To solve the limit \( \lim_{x \to \infty} \left(1 + \frac{k}{x}\right)^{mx} \), we can follow these steps: ### Step 1: Identify the form of the limit As \( x \to \infty \), \( \frac{k}{x} \to 0 \). Thus, \( 1 + \frac{k}{x} \to 1 \).
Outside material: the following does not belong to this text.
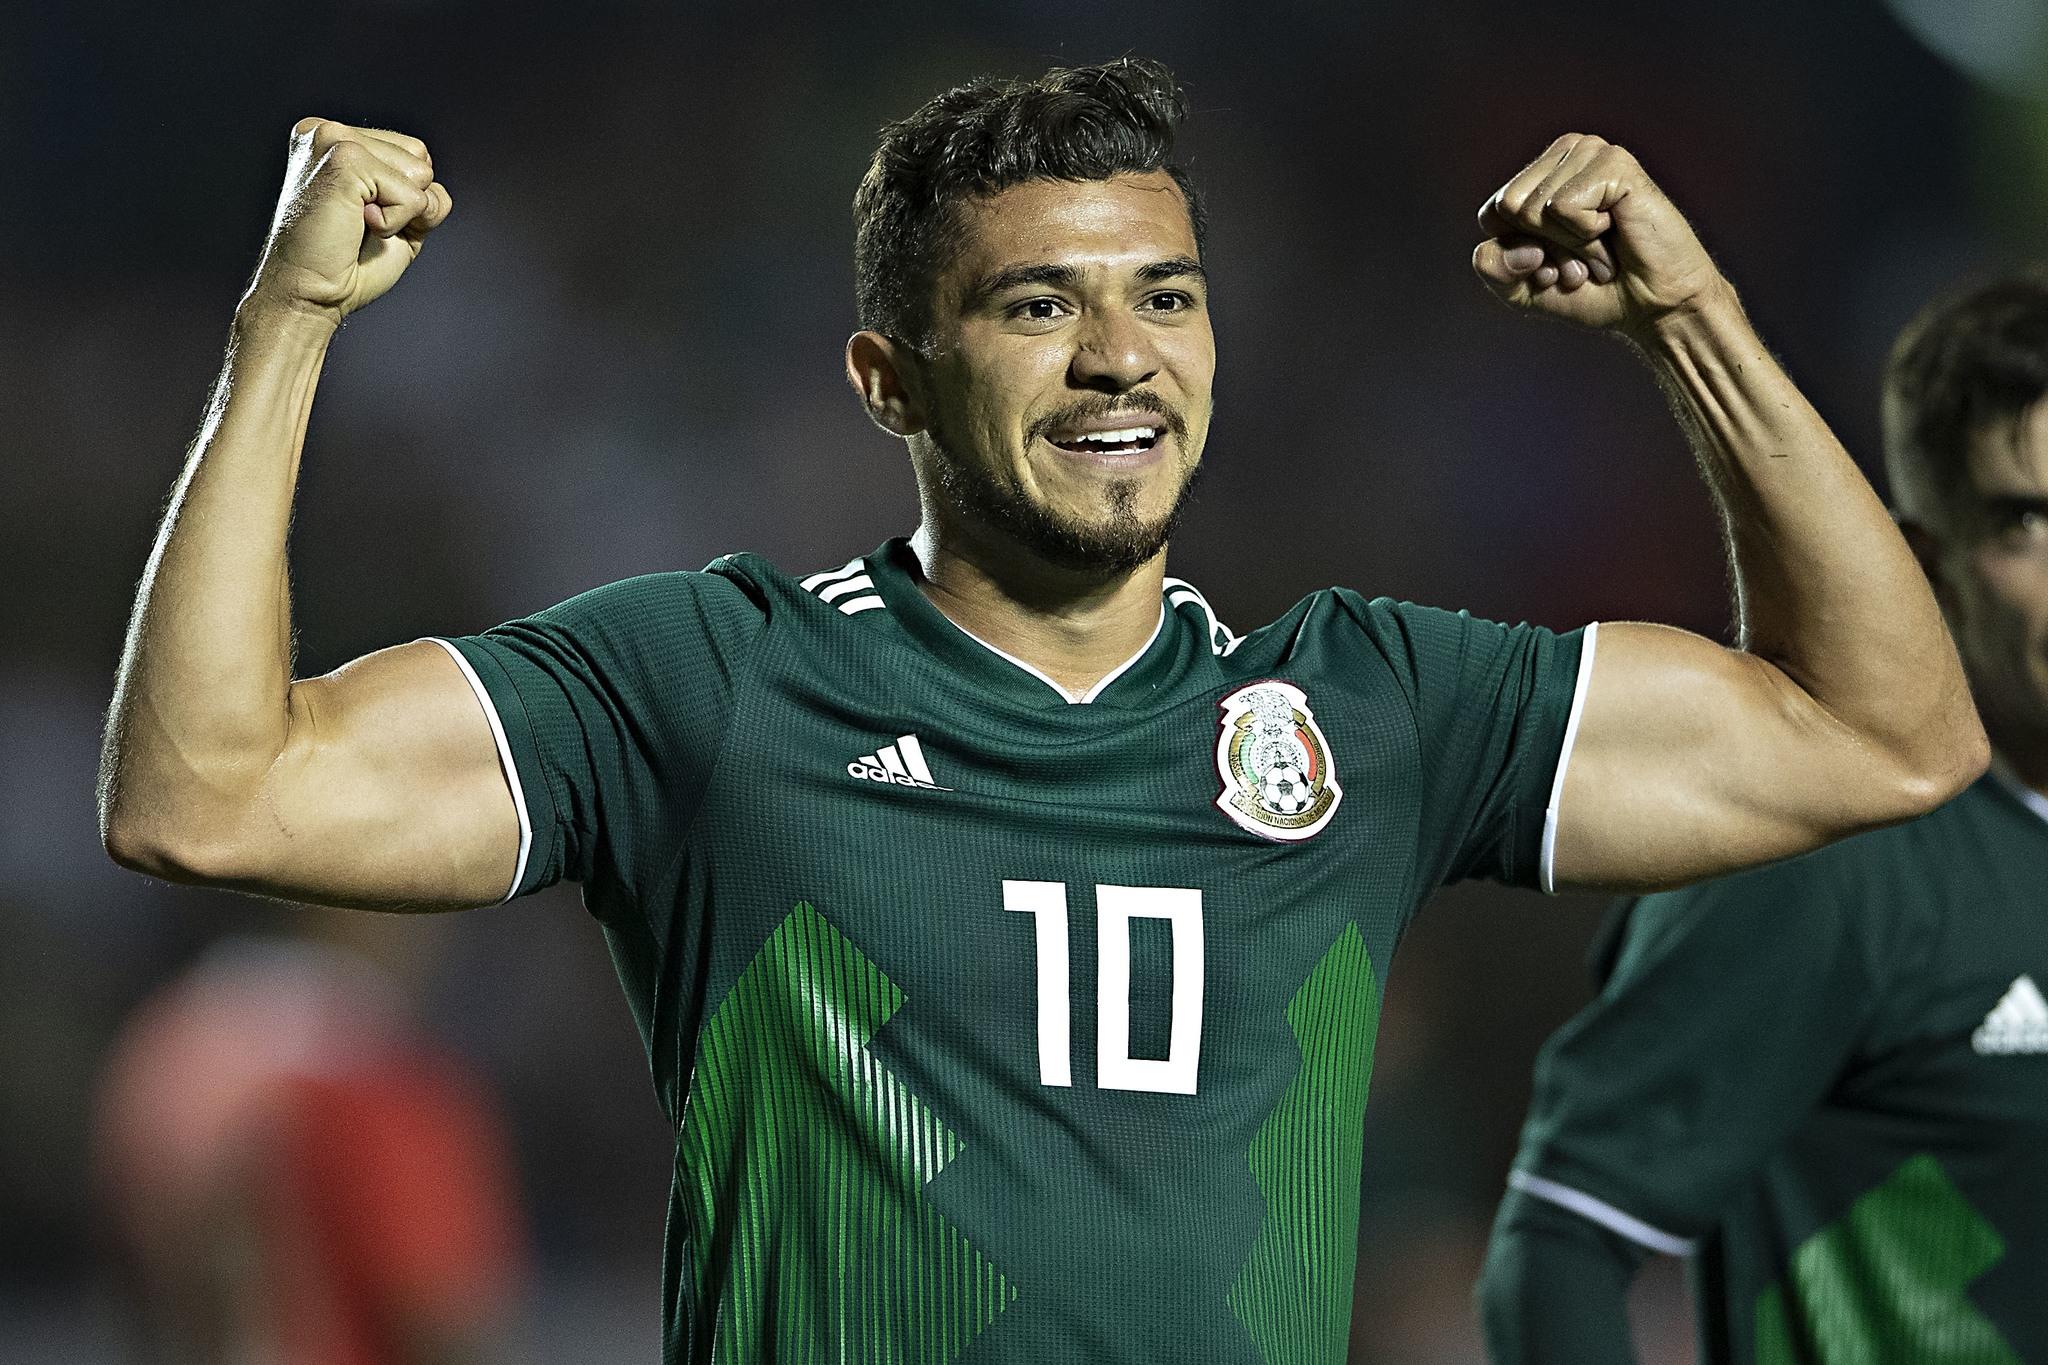 Resultado de imagen para México vs Costa Rica henry martin

The expression becomes \( 1^{\infty} \), which is an indeterminate form. **Hint:** Recognize that \( 1^{\infty} \) is an indeterminate form that requires further manipulation. ### Step 2: Rewrite the limit using the exponential function We can rewrite the expression using the exponential function: \[ \lim_{x \to \infty} \left(1 + \frac{k}{x}\right)^{mx} = \lim_{x \to \infty} e^{mx \ln\left(1 + \frac{k}{x}\right)} \] **Hint:** Use the property \( a^b = e^{b \ln a} \) to express the limit in terms of the exponential function. ### Step 3: Simplify \( \ln\left(1 + \frac{k}{x}\right) \) Using the Taylor series expansion for \( \ln(1 + u) \) where \( u = \frac{k}{x} \): \[ \ln\left(1 + \frac{k}{x}\right) \approx \frac{k}{x} \quad \text{as } x \to \infty \] **Hint:** Recall that for small \( u \), \( \ln(1 + u) \approx u \). ### Step 4: Substitute back into the limit Substituting this approximation back into our limit gives: \[ mx \ln\left(1 + \frac{k}{x}\right) \approx mx \cdot \frac{k}{x} = mk \] **Hint:** Notice how the \( x \) in the numerator and denominator cancels out. ### Step 5: Evaluate the limit Now we can evaluate the limit: \[ \lim_{x \to \infty} e^{mx \ln\left(1 + \frac{k}{x}\right)} = e^{mk} \] **Hint:** The limit of the exponential function simplifies to just the exponent. ### Final Answer Thus, the limit is: \[ \lim_{x \to \infty} \left(1 + \frac{k}{x}\right)^{mx} = e^{mk} \]